I did create a CPU managed buffer with the size of the texture memory and copied the GStreamer buffer data passed to the fakesink callback into it. I then notify the main thread about the new frame being available and copy the content of that CPU managed buffer to the pointer I got from glTexDirectVIV from within the main (OpenGL) thread. With that solution I got a lot of copies which makes the use of glTexDirectVIV not really better than just using glTexSubImage (although I guess glTexImage2D does not support the NV12 format, does it?) but at least no stuttering and performance for a 1080p@24fps seems to be ok (around 15ms for only uploading and rendering the video).
So maybe the documentation of glTexDirectVIV and glTexDirectInvalidateVIV regarding threading can be a bit more detailed in future versions. Currently my impression is that updating a memory area from another thread than the OpenGL thread, even if the texture behind it is currently not used by the rendering is not allowed.
The 'final solution' you described above is exactly what I'm doing (I've only implemented the last two steps, the rest is already in place within QtMultimedia)

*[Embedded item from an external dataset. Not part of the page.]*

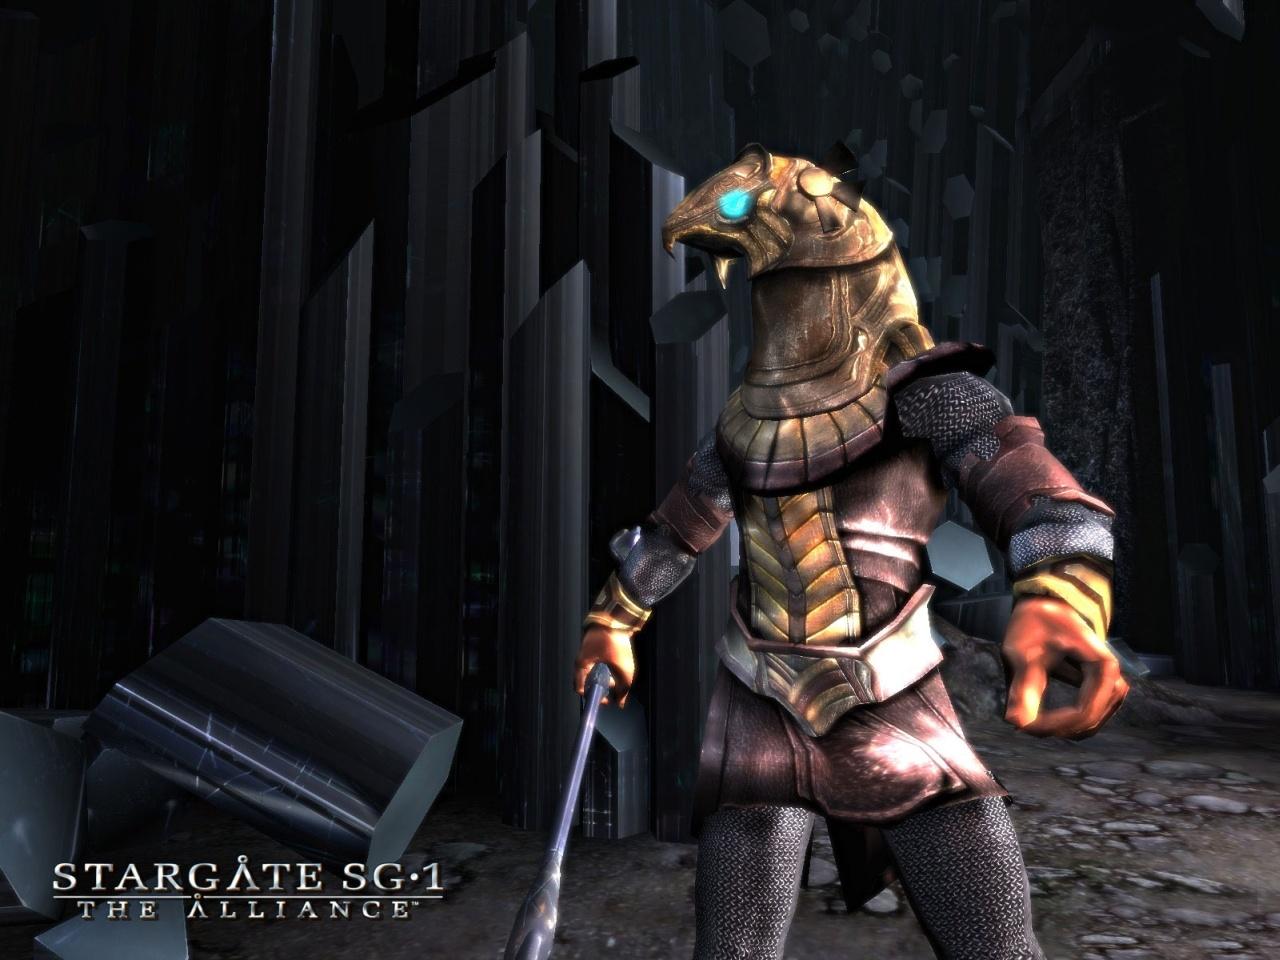 Games: Stargate SG-1: The Alliance - 011

The reason I said unmapping (/def_ref) right away is possibly the worst thing to do is the reason that I still believe (or better hope) that gstreamer doesn't blindly reuse the buffers how ever he likes ... this would mean that one should unmap after(!) the texture -which uses this data- isn't visible anymore (because a new one is available) .... unmapping (/def_ref) right away says: "hey gstreamer, I don't need this data anymore, do with it what you want", but just just started(!) to display this data
.. this can be fixed easily
I agree @ the documentation isn't really complete in regards to multi-threading :smileyhappy: ... I hope someone from freescale will quote on this thread eventually :smileyhappy:
... I got some contact I reached out to .. if they tell me anything I past in it in this thread.
I don't want to copy the buffer at all... this is not efficient.. and avoidable!... otherwise it's (as you said) just a slightly optimized version of glTexSubImage !
15ms .. that's very close to 16.666 which is the complete frame for 60fps :smileyhappy: ... I assume you're using a dual or quad? .. 15ms is not what you'll get on a wandboard solo (which is what I'm after in the end)
... so (unless I've overlook anything) glTexDirectVIV is not an option for me (as it will always requires a cpu bases memory operation, doesn't it?)
I'm not Thomas, but for me it's not solved, as the performance is not optimal when we're not able to directly use the memory pointer of glTexDirectVIV in a background thread.
The solution by using glTexDirectVIVMap would be even better. It would be nice if there is an example that shows usage of gstreamer decoding with glTexDirectVIVMap that checks for thread safeness and should allow zero copy rendering as an OpenGL texture.
Using gstreamer's gl plugins would be probably not a good solution as sharing textures with gstreamer is not very convenient to implement in custom applications.